SELECT P1.PAYMENTNO, P1.AMOUNT, SUM(P2.AMOUNT) FROM PENALTIES AS P1, PENALTIES AS P2 WHERE P1.PAYMENTNO >= P2. PAYMENTNO GROUP BY P1. PAYMENTNO, P1.AMOUNT ORDER BY P1. PAYMENTNO
For convenience, we assume that the PENALTIES table consists of the following three rows only (you can create this, too, by temporarily removing all penalties with a number greater than 3):
PAYMENTNO PLAYERNO PAYMENT_DATE AMOUNT
--------- -------- ------------ ------
1 6 1980-12-08 100
2 44 1981-05-05 75
3 27 1983-09-10 100
The desired result is:
PAYMENTNO AMOUNT SUM
--------- ------ ---
1 100 100
2 75 175
3 100 275
The intermediate result of the FROM clause (we show only the columns PAYMENTNO and AMOUNT):
P1.PAYNO P1.AMOUNT P2.PAYNO P2.AMOUNT
-------- --------- -------- ---------
1 100 1 100
1 100 2 75
1 100 3 100
2 75 1 100
2 75 2 75
2 75 3 100
3 100 1 100
3 100 2 75
3 100 3 100
The intermediate result of the WHERE clause:
P1.PAYNO P1.AMOUNT P2.PAYNO P2.AMOUNT
-------- --------- -------- ---------
1 100 1 100
2 75 1 100
2 75 2 75
3 100 1 100
3 100 2 75
3 100 3 100
The intermediate result of the GROUP BY clause:
P1.PAYNO P1.AMOUNT P2.PAYNO P2.AMOUNT
-------- --------- -------- --------------
1 100 {1} {100}
2 75 {1, 2} {100, 75}
3 100 {1, 2, 3} {100, 75, 100}
The intermediate result of the SELECT clause:
P1.PAYNO P1.AMOUNT SUM(P2.AMOUNT)
-------- --------- --------------
1 100 100
2 75 175
3 100 275
This final result is equal to the desired table.

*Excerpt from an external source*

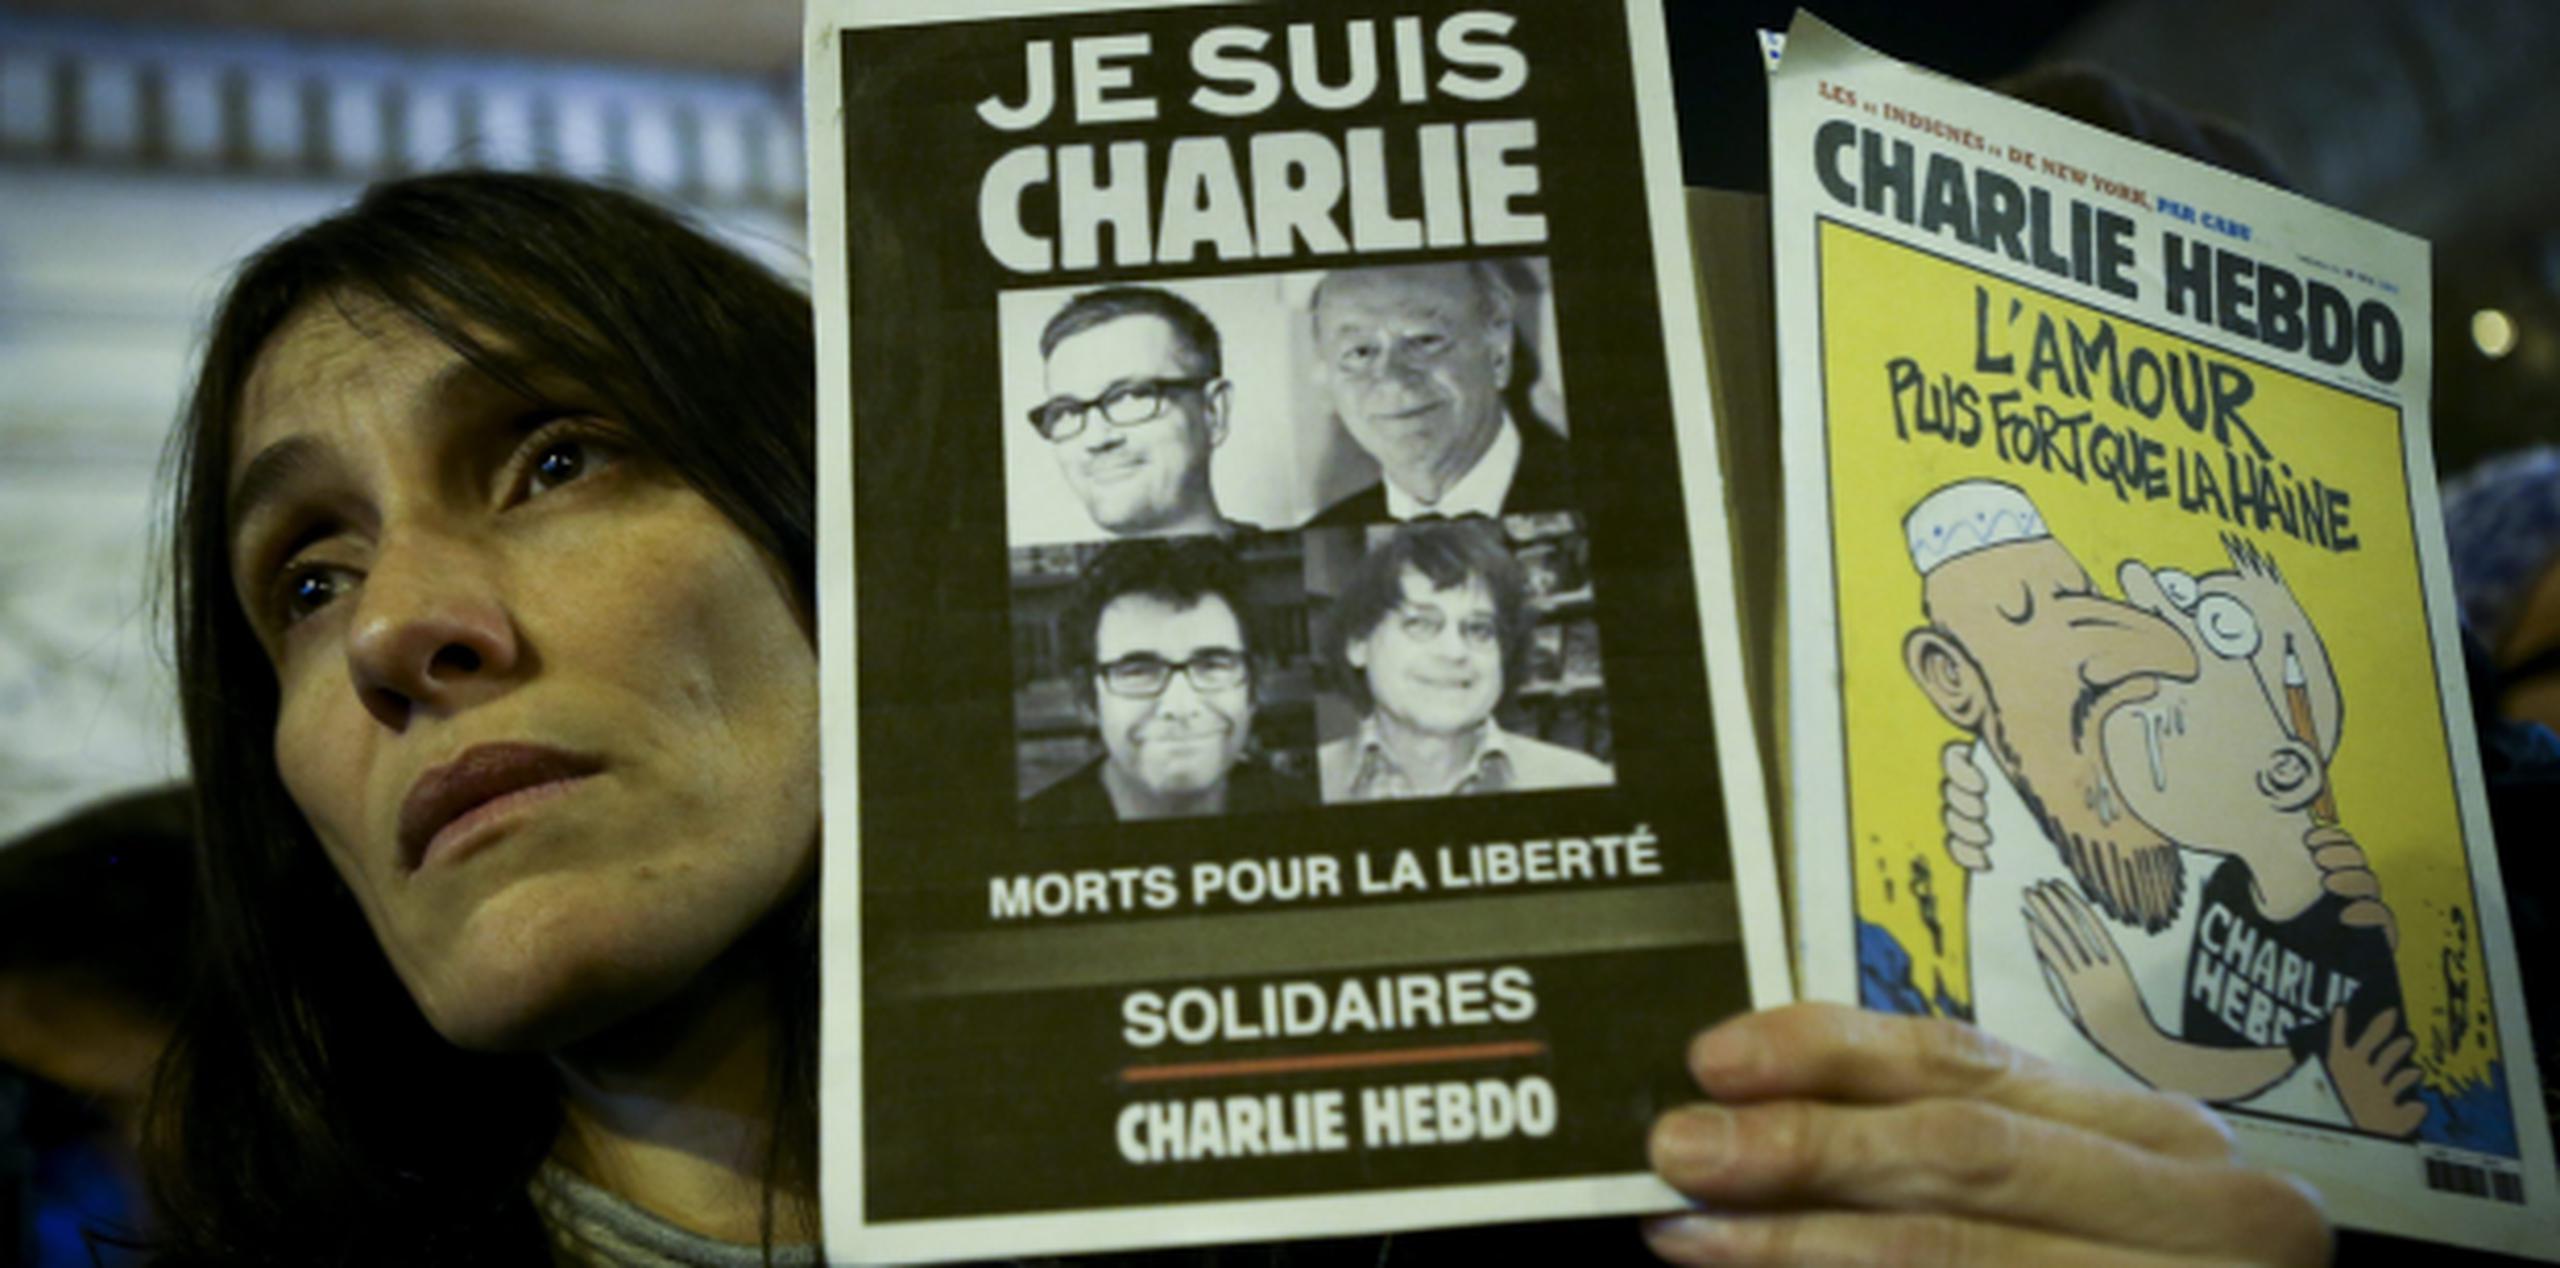 El presidente Francois Hollande hizo un llamado a la tolerancia luego del ataque terrorista más grave en el país en varias décadas. En la foto, una mujer sostiene carteles en los que se lee "Je Suis Charlie' (Yo soy Charlie) y una caricatura. (EFE)

Most joins in this book and in reality are equi joins. Non-equi joins are rare. The previous statement is an example that shows that non-equi joins can be useful and that powerful statements can be formulated with them.
Example 10.17. For each penalty, get the payment number, the penalty amount, and the percentage that the amount forms of the sum of all amounts (again, we use the same PENALTIES table as in the previous example).
SELECT P1.PAYMENTNO, P1.AMOUNT,
(P1.AMOUNT * 100) / SUM(P2.AMOUNT)
FROM PENALTIES AS P1, PENALTIES AS P2
GROUP BY P1.PAYMENTNO, P1.AMOUNT
ORDER BY P1.PAYMENTNO
The intermediate result of the FROM clause is equal to that of the previous example. However, the intermediate result of the GROUP BY clause differs:
P1.PAYNO P1.AMOUNT P2.PAYNO P2.AMOUNT
-------- --------- -------- --------------
1 100 {1, 2, 3} {100, 75, 100}
2 75 {1, 2, 3} {100, 75, 100}
3 100 {1, 2, 3} {100, 75, 100}
The intermediate result of the SELECT clause:
P1.PAYNO P1.AMOUNT (P1.AMOUNT * 100) / SUM(P2.AMOUNT)
-------- --------- ----------------------------------
1 100 36.36
2 75 27.27
3 100 36.36
Find out whether this is the final result as well.
Exercise 10.14: How many players live in a town, on average?
Exercise 10.15: For each team, get the team number, the division, and the number of players that played matches for that team.
Exercise 10.16: For each player, get the player number, the name, the sum of all penalties that he or she incurred, and the number of teams from the first division that he or she captains.
Exercise 10.17: For each team captained by a player who lives in Stratford, get the team number and the number of players who have won at least one match for that team.
Exercise 10.18: For each player, get the player number, the name, and the difference between the year in which he or she joined the club and the average year of joining the club.
Exercise 10.19: For each player, get the player number, the name, and the difference between the year in which he or she joined the club and the average year in which players who live in the same town joined the club.